The economic forecast indicates that everything seems to be fine. The U.S. economy’s expected growth was revised higher this year to 3.1% from 2.8%, thanks to -tax cuts, higher oil prices, and capital expenditures. Employment is to remain at historic lows of 3.7%, and inflation will remain steady at 2-2.1% over the next three years. In my opinion, these projections reflect that we’re living in a perfect world.
Fed Chair Powell doesn’t yet feel threatened by the effects of the trade war, although he will continue to monitor its developments very carefully.
Interestingly, U.S. equity markets were pulled lower during Powell’s press conference as Treasury yields tumbled across the curve dragging financial stocks with them.
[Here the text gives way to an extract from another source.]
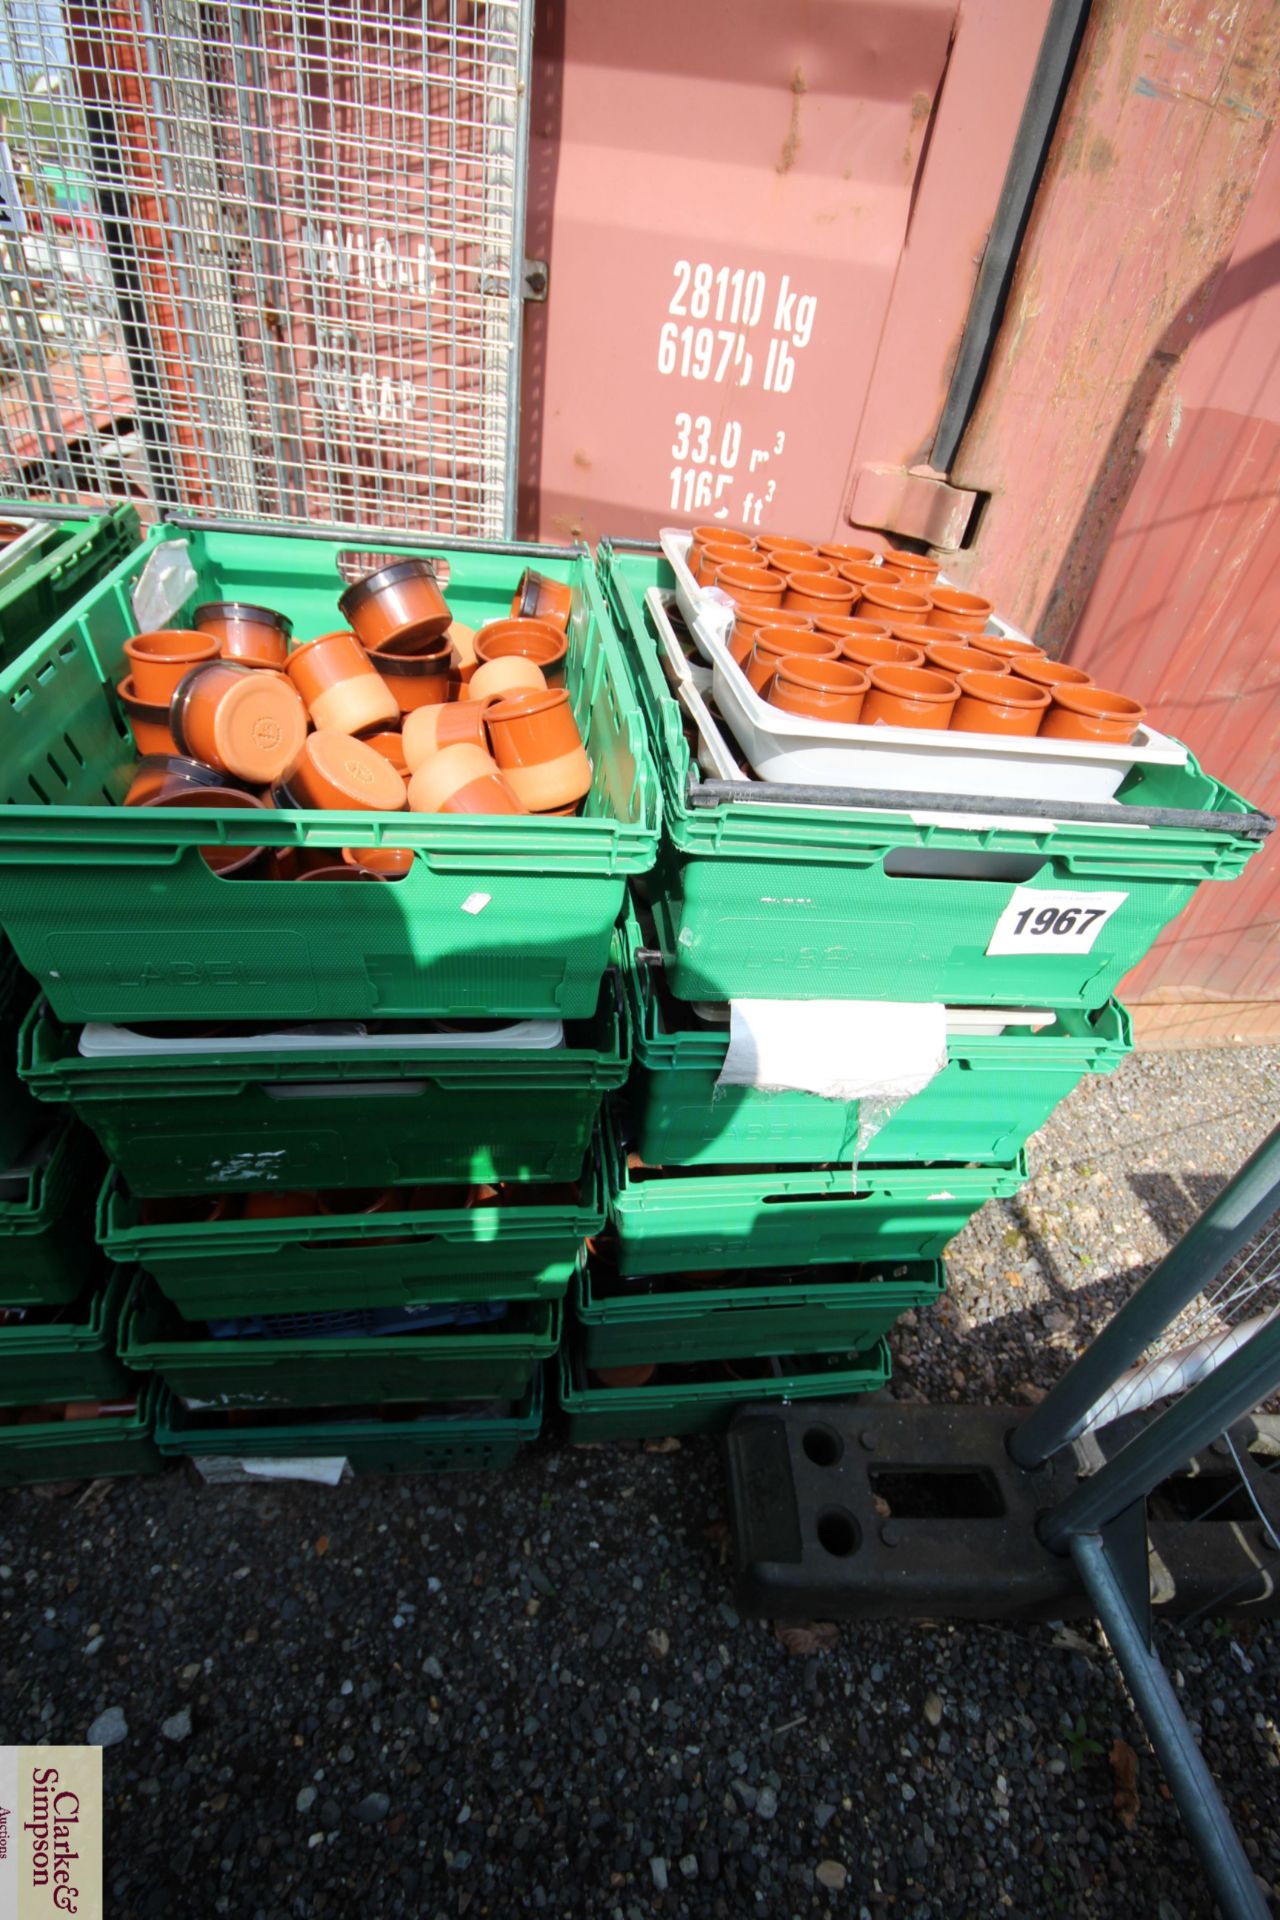 10x stacking vegetable crates. Containing a large
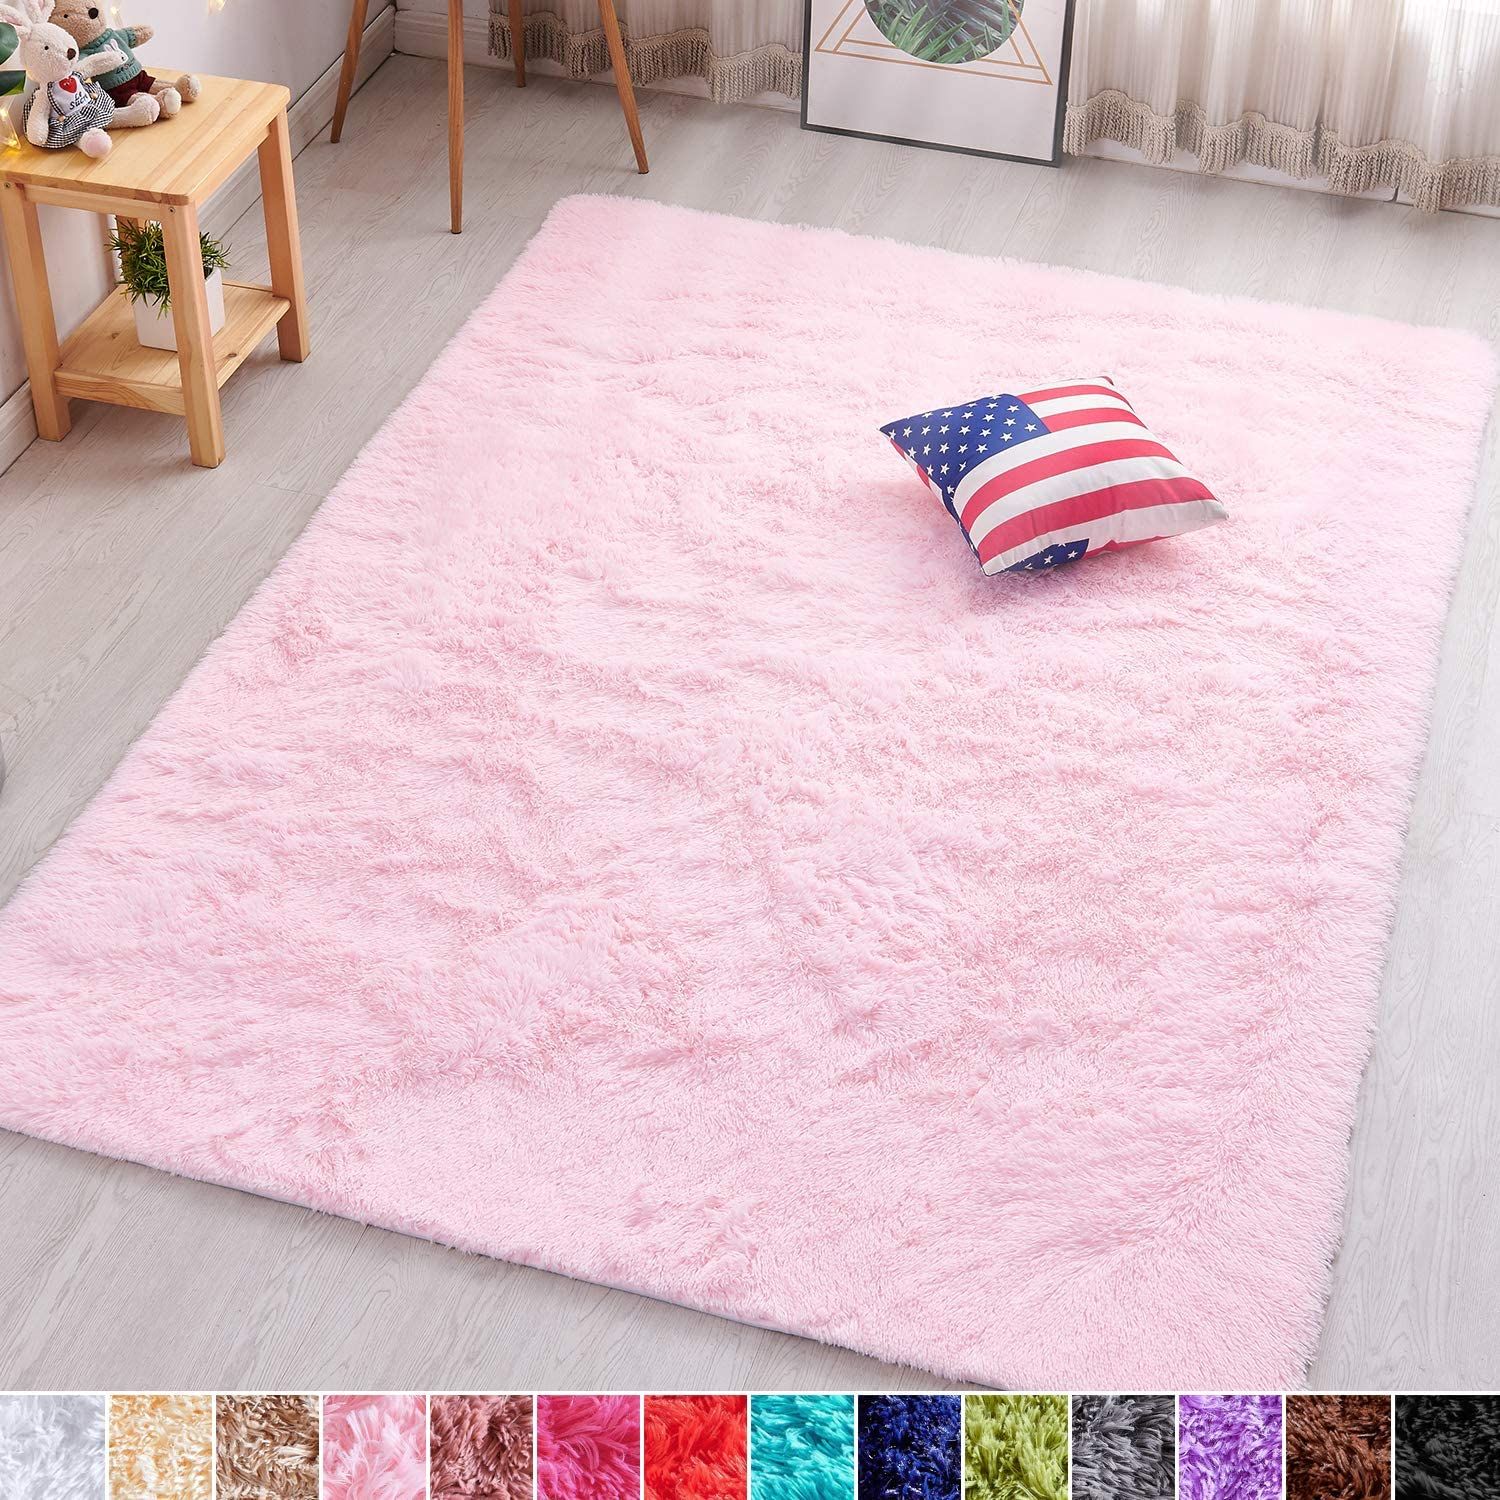 Pagisofe Pink Fluffy Shag Area Rugs For Bedroom 5x7, Soft Fuzzy Shaggy Rugs  For Living Room Carpet Nursery Floor Girls Room Dorm Rug – Walmart With Regard To Light Pink Rugs (Photo 13 of 15)

In theory, low inflation expectations may continue to support non-financial stocks given that it’s a key component of the required return on equity. However, my concern is that falling GDP growth rate will translate into lower profitability and corporate earnings growth. Given that valuations remain historically high, and interest rates on the rise, the threat to the equity bull market will likely increase over the next several months.
The Dollar was only slightly firmer against its major counterparts. The Dollar index traded 0.3% higher at the time of writing at 94.50, which is still well below August highs of 96.98. This suggests that yesterday’s Fed decision was well priced in the market, and focus should now return to macro fundamentals for new guidance.